History of Hip Preservation

Key milestones in the development of hip preservation surgery

Open reduction of dislocated hips, osteotomies for dysplasia, and chielectomy for Perthes are well known. Murray, Harris, and Stulberg recognized that so-called primary osteoarthritis of the hip is usually secondary to congenital and developmental conditions.

Timeline of Key Milestones

Over the past century, a series of discoveries and innovations shaped modern hip preservation surgery.

1903

Cam deformity first described

1913

Vulpius described cam osteoplasty

1915

Albee — shelf procedure (acetabuloplasty)

1926

Keys — osteoplasty in severe SCFE did very poorly

1931

Burman in New York performed hip arthroscopy in cadavers

1933

Elmslie — cam and pincer can cause osteoarthritis

1935

Smith-Petersen — pincer impingement and rim trimming

1935

Heyman & Herndon — SCFE osteoplasty

1939

Takagi — first clinical use of hip arthroscopy

1965

Murray — tilt deformity and hip dysplasia cause most osteoarthritis

1975

Stulberg & Harris — pistol grip deformity; no primary osteoarthritis

1976

Solomon — 92% of osteoarthritis is from childhood disorders or inflammatory arthritis

1977

Altenberg — acetabular labral tears causing hip pain

1980

Suzuki — first arthroscopic diagnosis of acetabular labral tear

1987

James Glick — hip arthroscopy in lateral position

2001

Michael Dienst — hip arthroscopy without traction

2009

Voos — peritrochanteric space endoscopy

Professor Reinhold Ganz

Pioneer

Reinhold Ganz

Reinhold Ganz made foundational contributions that transformed hip preservation surgery.
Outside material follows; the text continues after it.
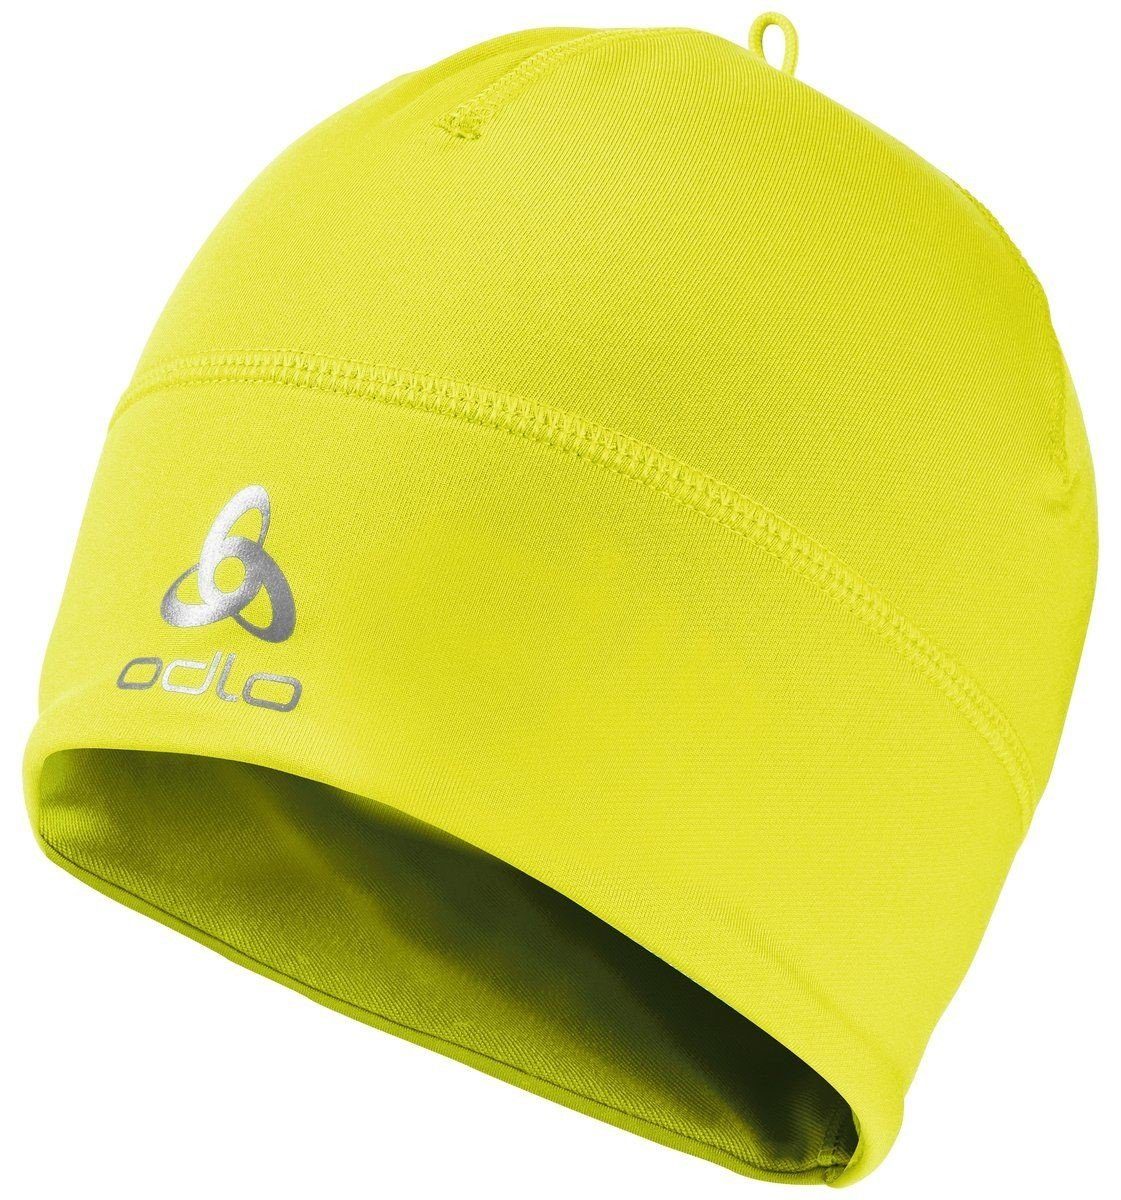 Odlo 50016 POLYKNIT yellow Hat WARM Cap ECO safety Baseball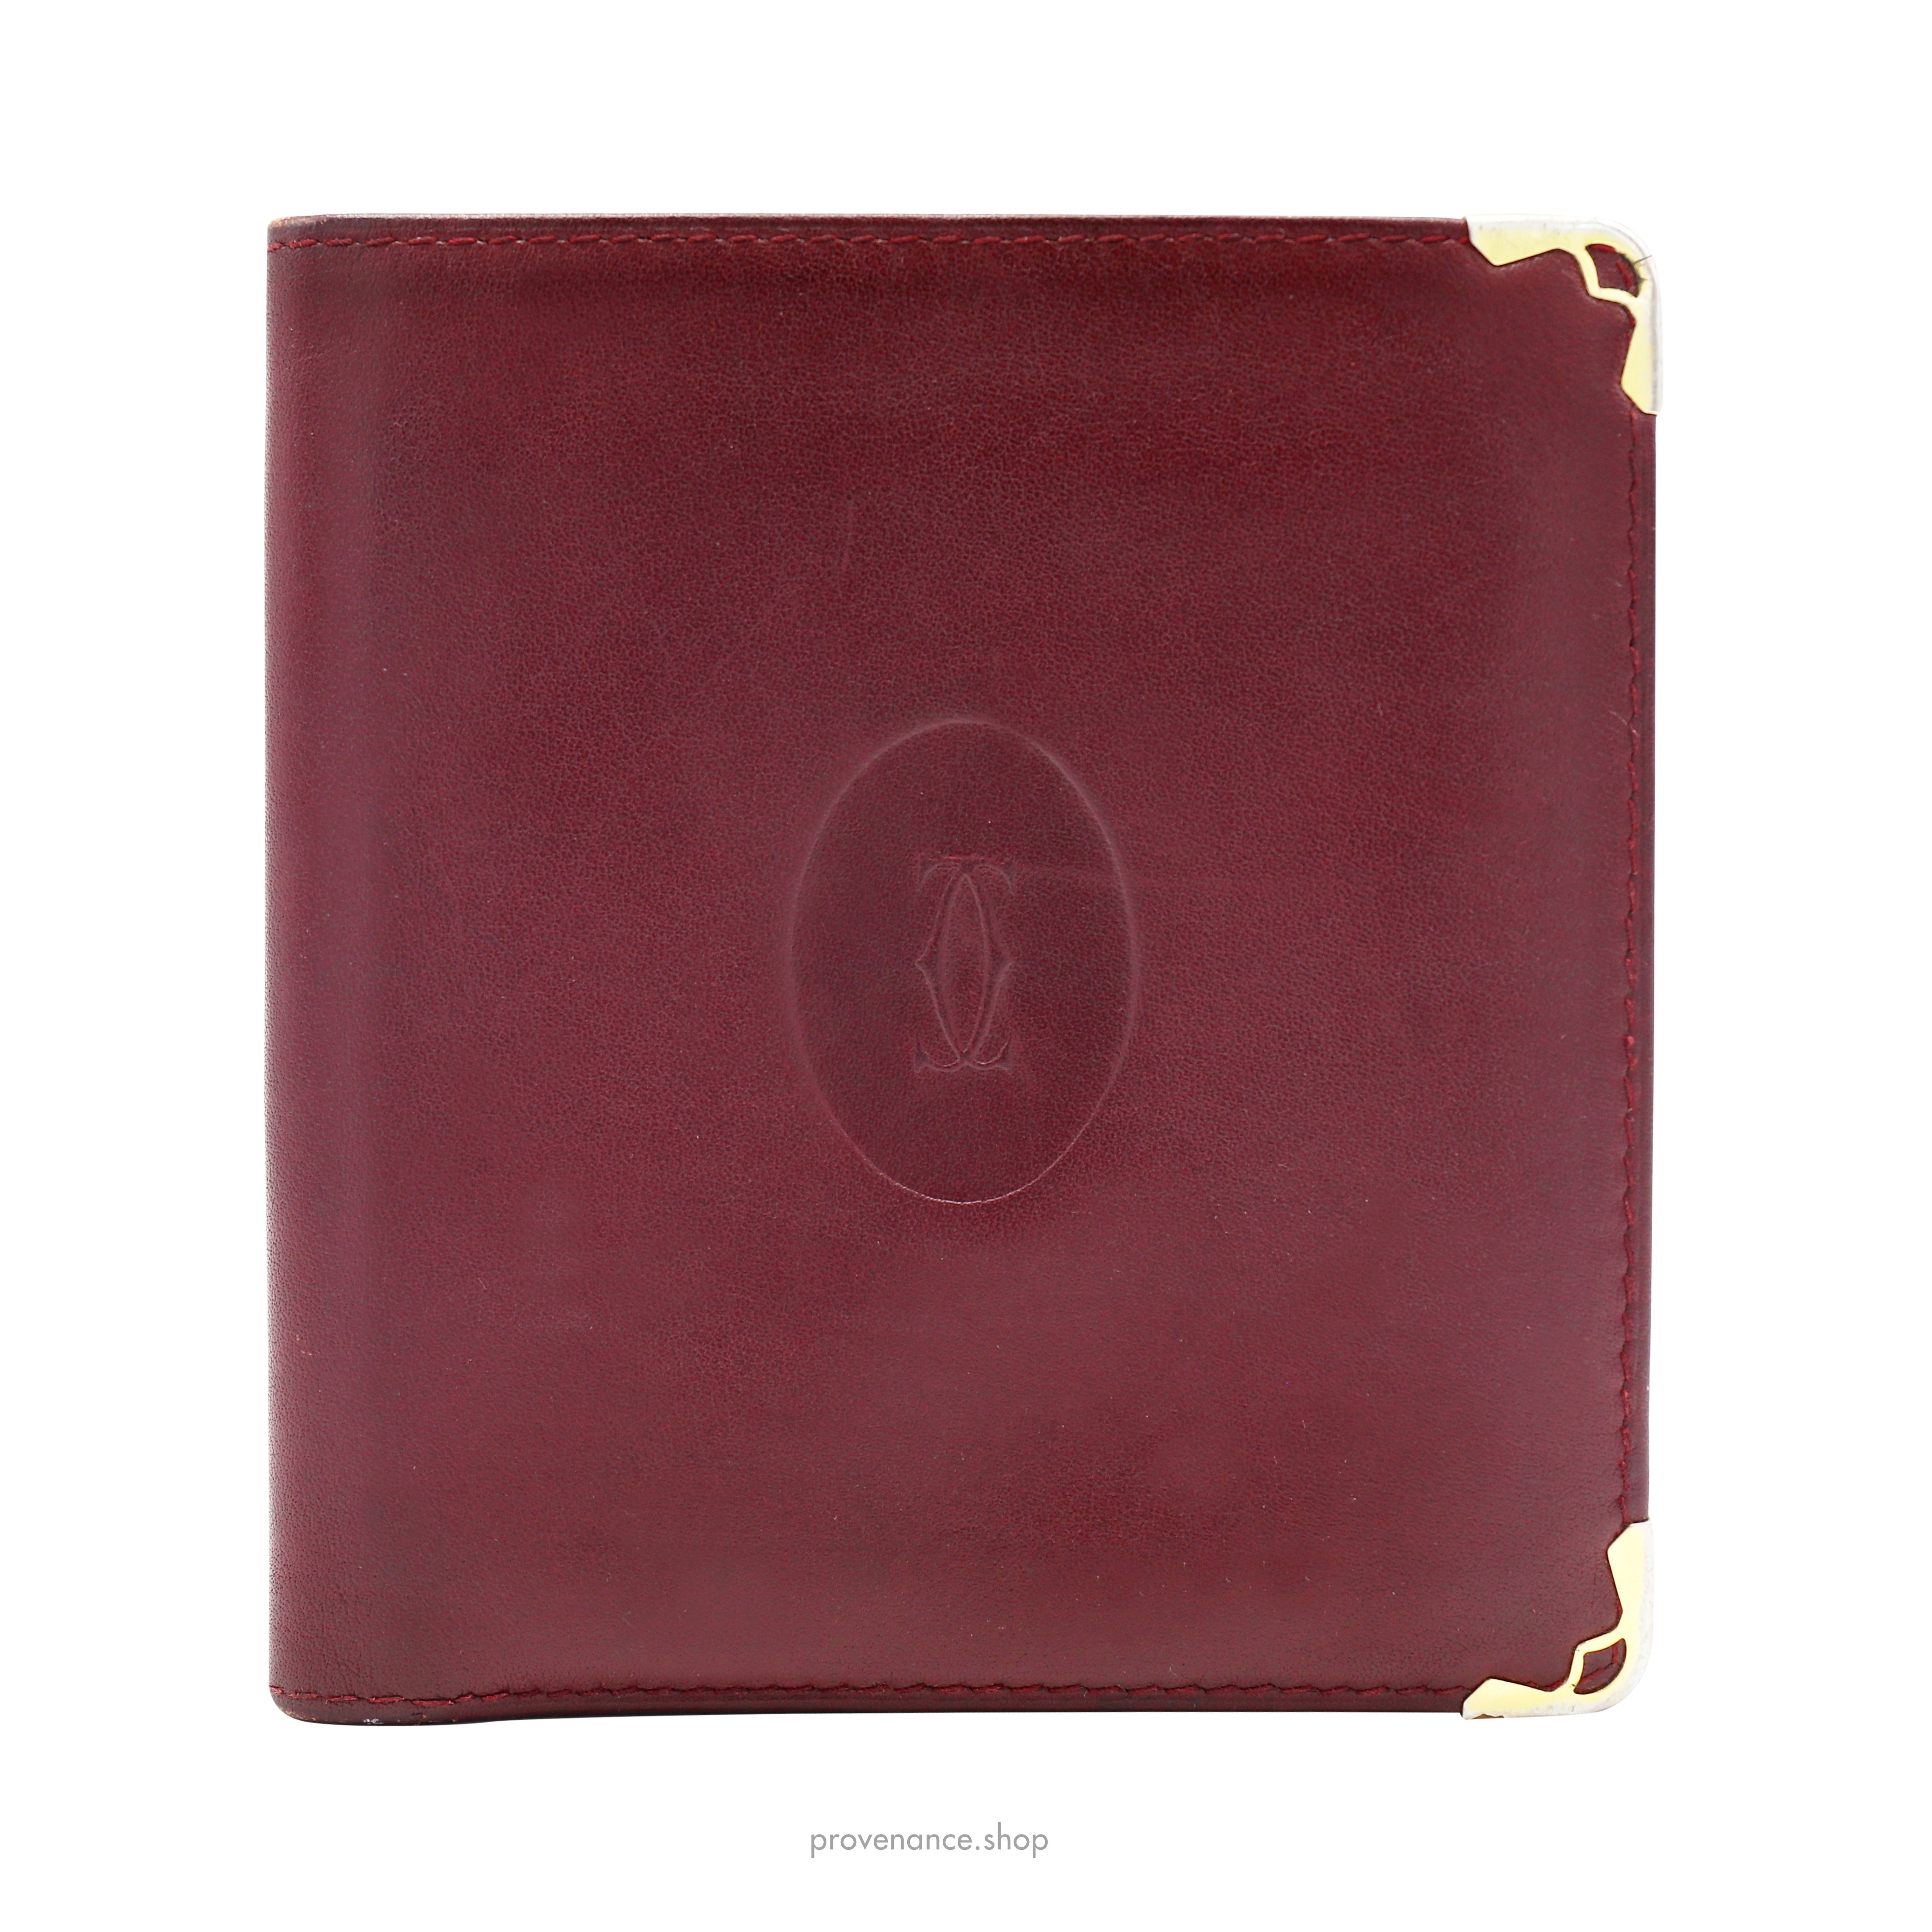 Bifold Wallet - Burgundy Calfskin Leather - 1

  • Periacetabular osteotomy for dysplasia (1987)
  • Identified pain from over-coverage in 5 hips — femoroacetabular impingement (FAI) (1995)
  • Developed safe surgical dislocation and studied damage patterns (2001)
  • Added rim trimming, femoral neck osteoplasty, and labral repair
  • Modified Dunn & Colonna procedures and developed head reduction osteotomy

Development in the United States

Dr. Prasad Gourineni visited Ganz's unit in Bern in 1998 when surgical dislocation was being performed and cam and pincer FAI were being treated. On returning to Chicago, he presented radiographic abnormalities and FAI to US arthroscopists at their course for two years.

They adopted the concepts quickly and developed arthroscopic techniques to treat FAI, subsequently adding:

  • FAI-induced instability and micro instability
  • Capsular plication and capsulorrhaphy
  • Sub-spine impingement
  • Association of FAI with sports hernia, osteitis pubis, and SI dysfunction
  • Association with muscle strains and traumatic dislocation

Impact on Future Hip Replacement

Most hip preservation procedures performed today do not make future total hip replacement significantly more difficult. These procedures do not create new deformities or decrease bone stock. The surgical scar does make dissection more challenging and minimally invasive surgery is not possible after prior open procedures. Multiple prior procedures do increase the risk of infection.